▶ YOUR OBJECTIVE: Would you print the listing that follows exactly, but without its pictures?

▶ SOURCE DATA:
_ _ _ _
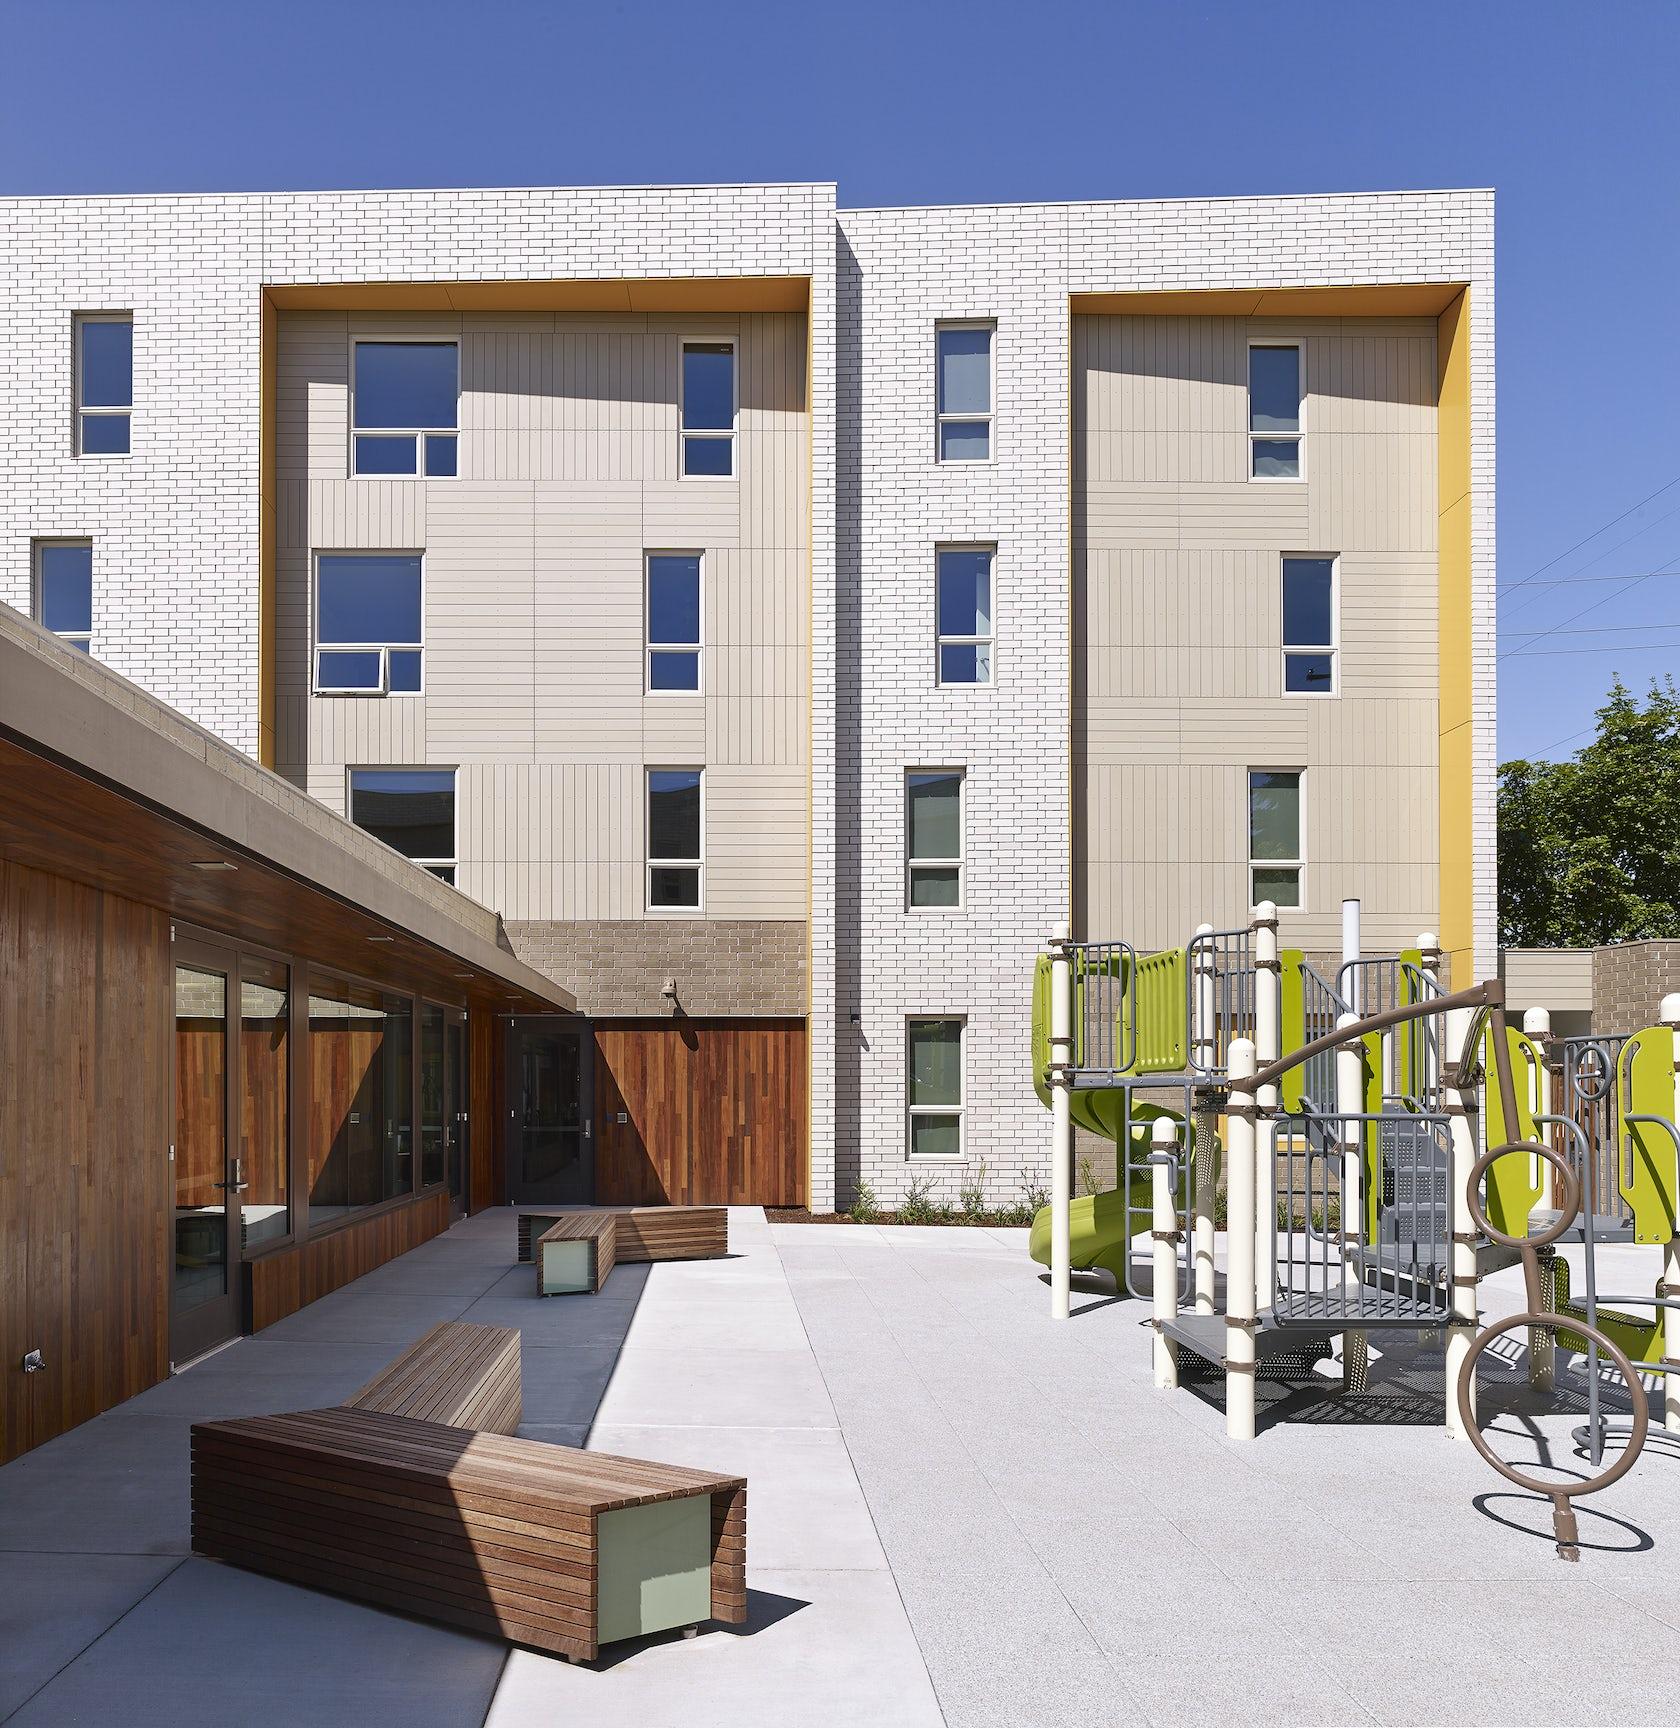 Street Housing: Beech Street Apartments / LifeWorks NW
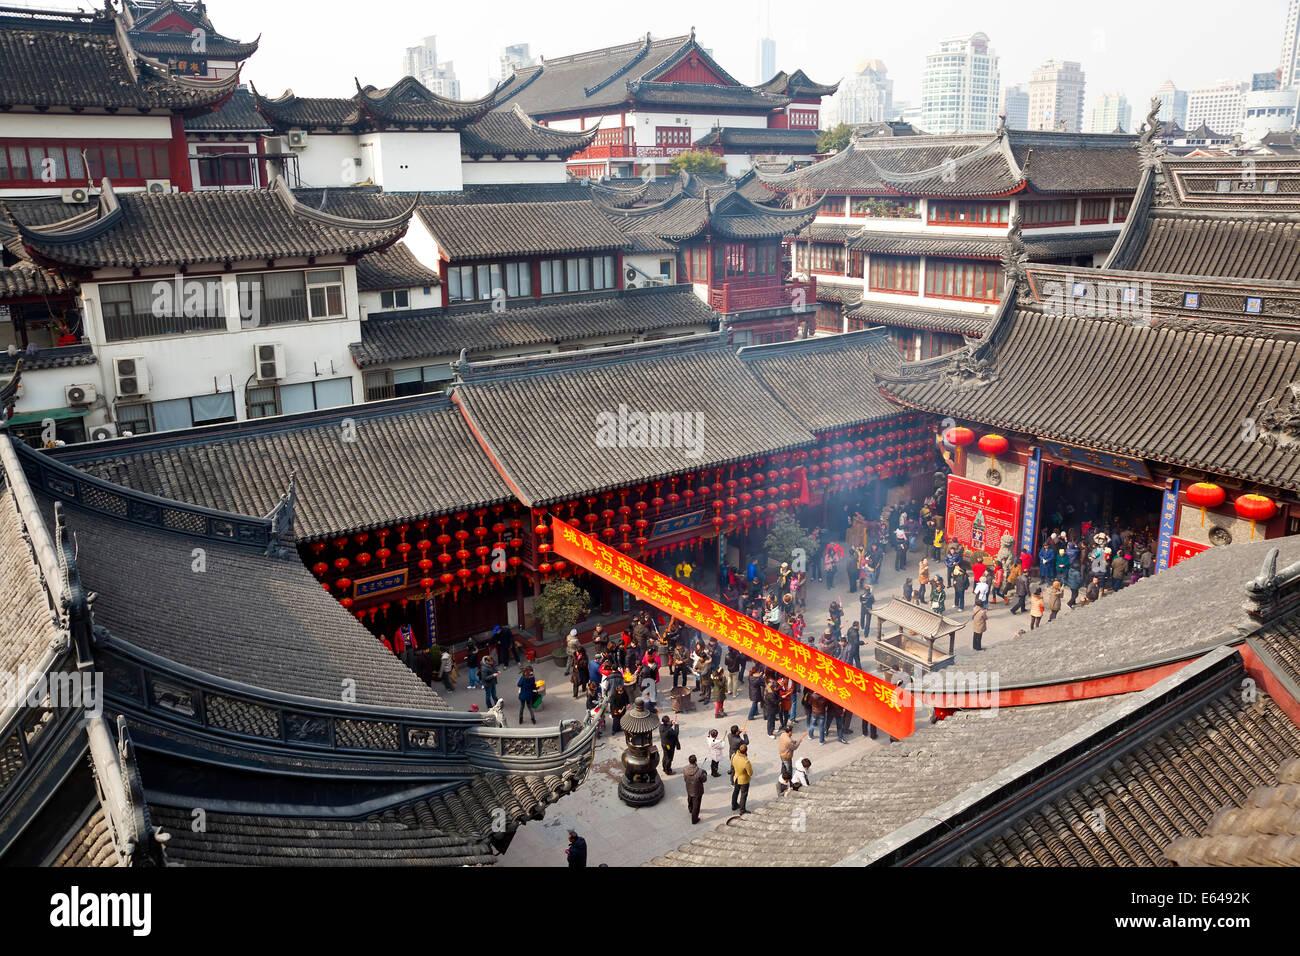 Tempio, l' Yuyuan Gardens, Shanghai, Cina Immagini Stock
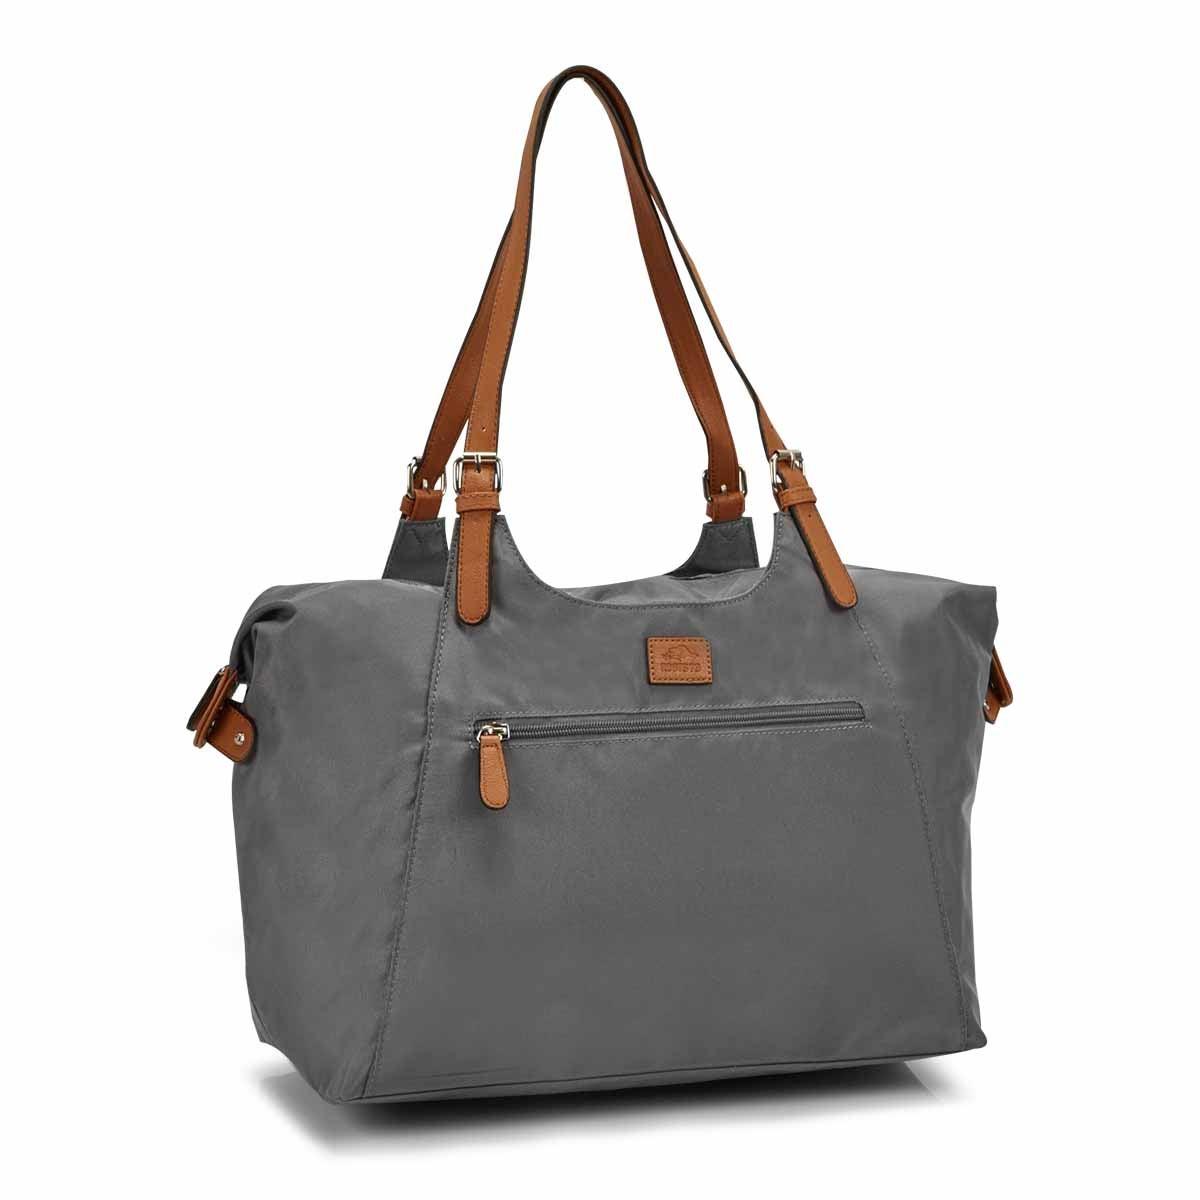 Women's R4700 grey large tote bag
_ _ _ _
▶ OUTPUT FOR THIS TASK:
 Street Housing: Beech Street Apartments / LifeWorks NW
 Tempio, l' Yuyuan Gardens, Shanghai, Cina Immagini Stock
 Women's R4700 grey large tote bag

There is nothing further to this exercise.